00:06:12.020 | And then you have to talk about what those other solutions might be and what the algorithms
00:06:16.580 | to implement them are, which we do discuss in the kind of game theory chapter of the
00:06:19.980 | book.
00:06:20.980 | But, but similarly, you know, on social media platforms or on Amazon, you know, all these
00:06:28.540 | algorithms that are essentially trying to optimize our behalf, they're driving us in
00:06:33.620 | a colloquial sense towards some kind of competitive equilibrium.

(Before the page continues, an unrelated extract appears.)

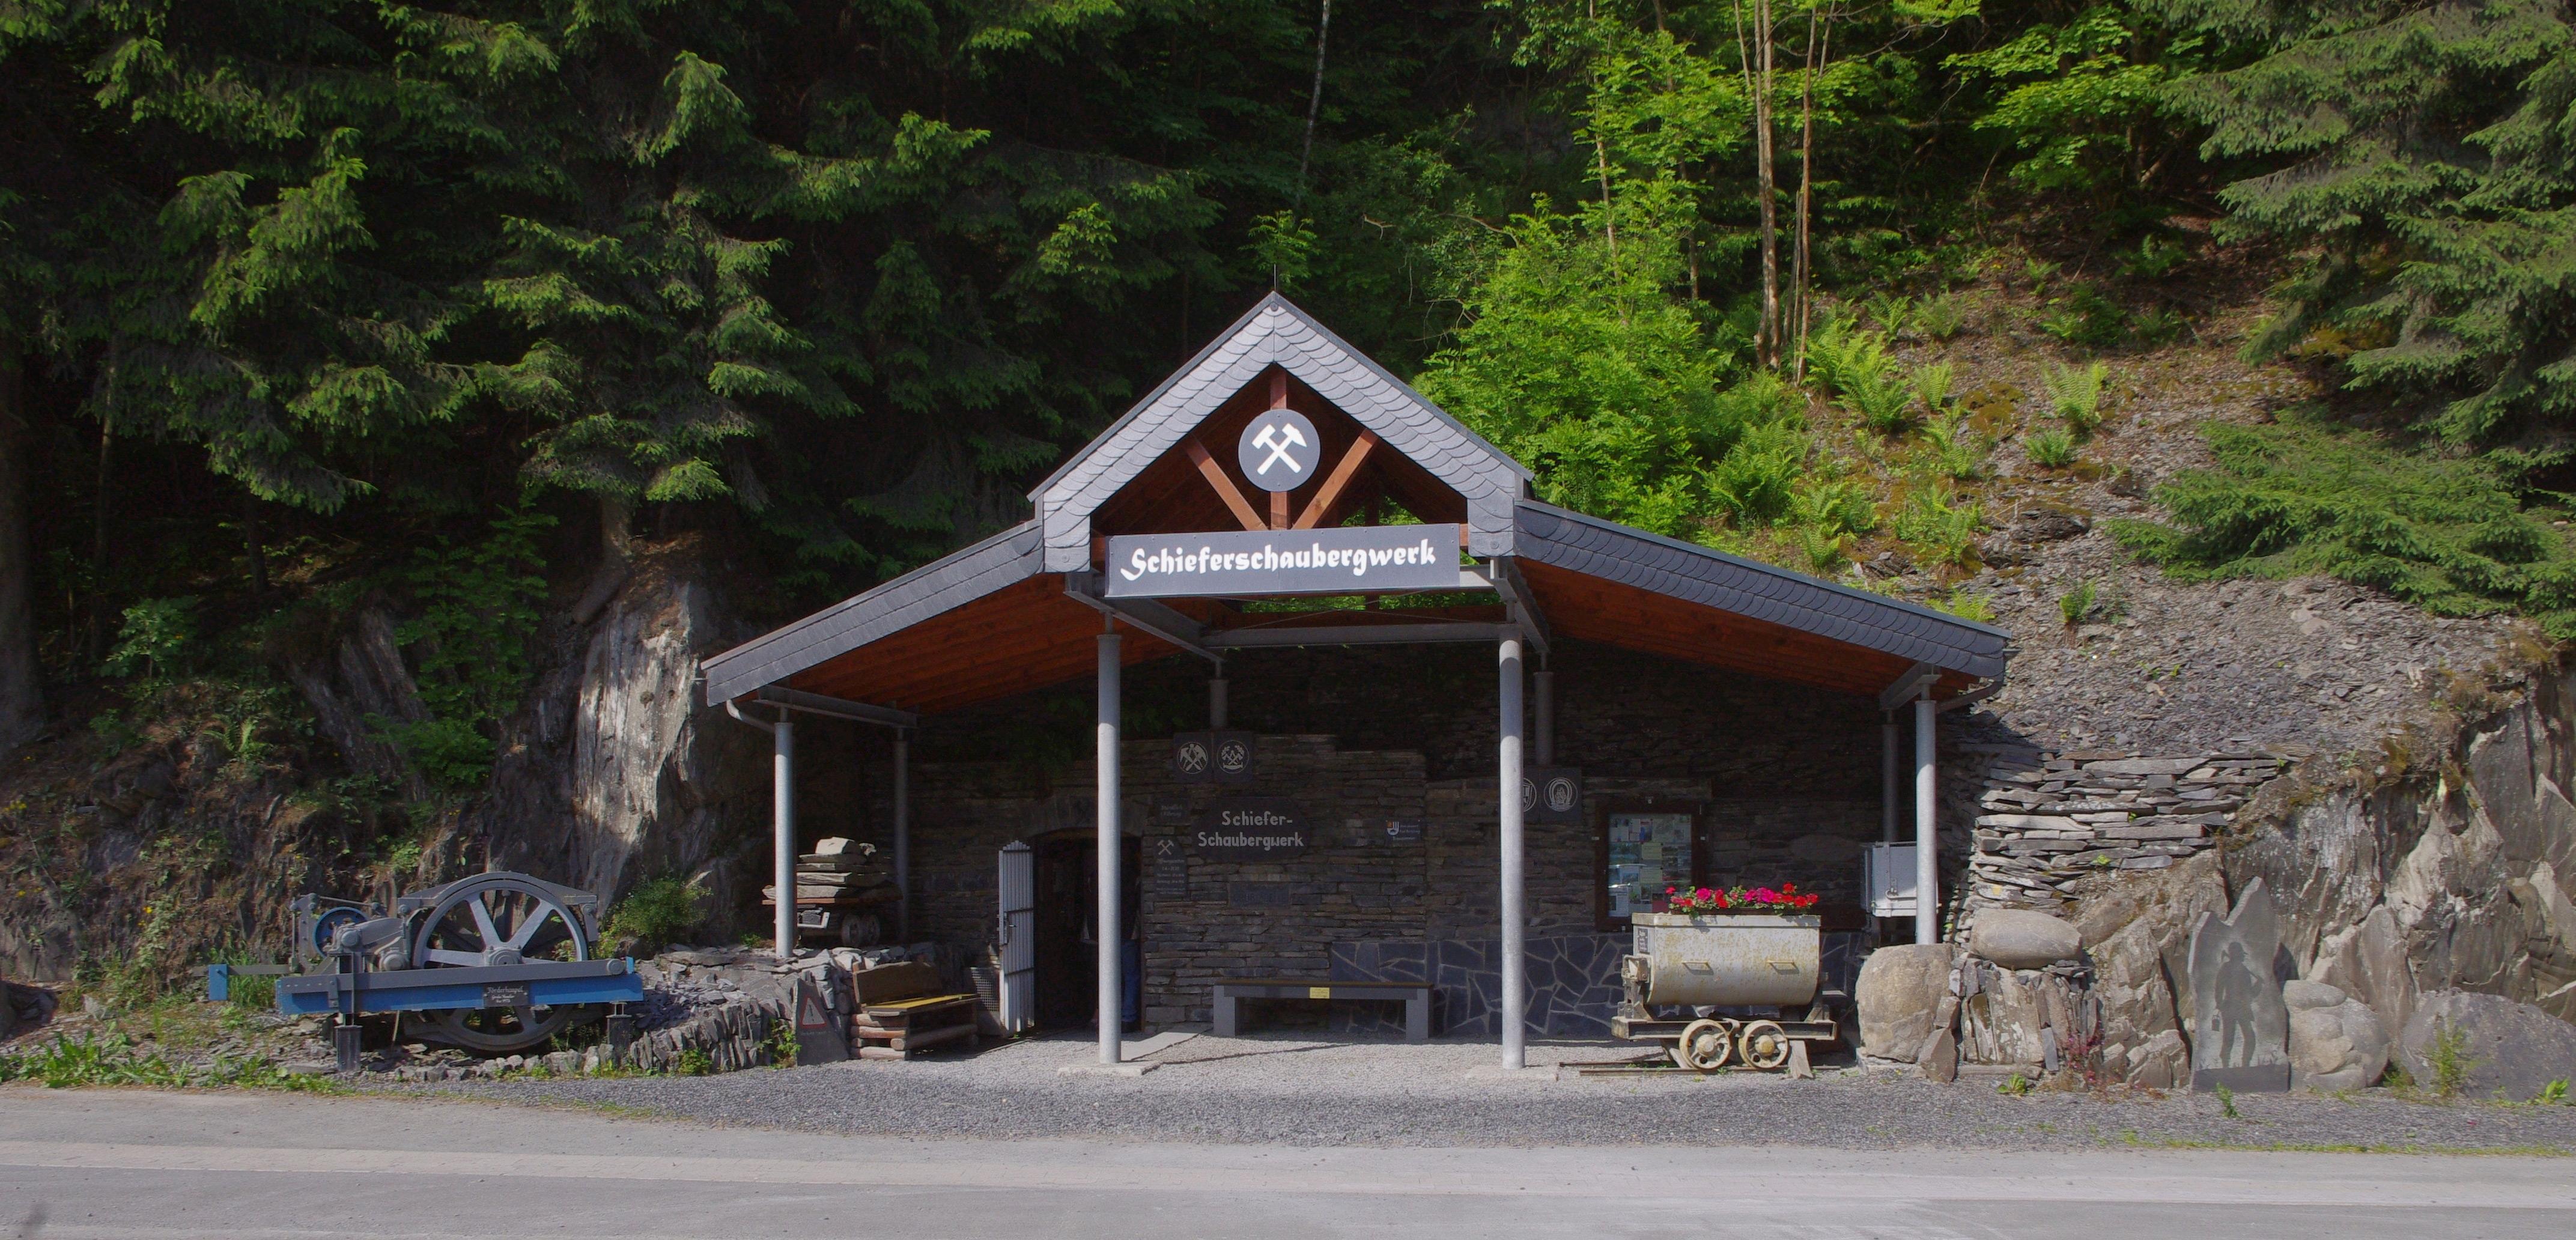 Schieferschaubergwerk Raumland - Eingang (Foto: Siegfried Plaschke)

00:06:37.540 | And you know, one of the most important lessons of game theory is that just because we're
00:06:40.900 | at equilibrium doesn't mean that there's not a solution in which some or maybe even all
00:06:45.340 | of us might be better off.
00:06:47.980 | And then the connection to machine learning, of course, is that in all these platforms
00:06:51.220 | I've mentioned, the optimization that they're doing on our behalf is driven by machine learning.
00:06:56.660 | You know, like predicting where the traffic will be, predicting what products I'm going
00:07:00.340 | to like, predicting what would make me happy in my news feed.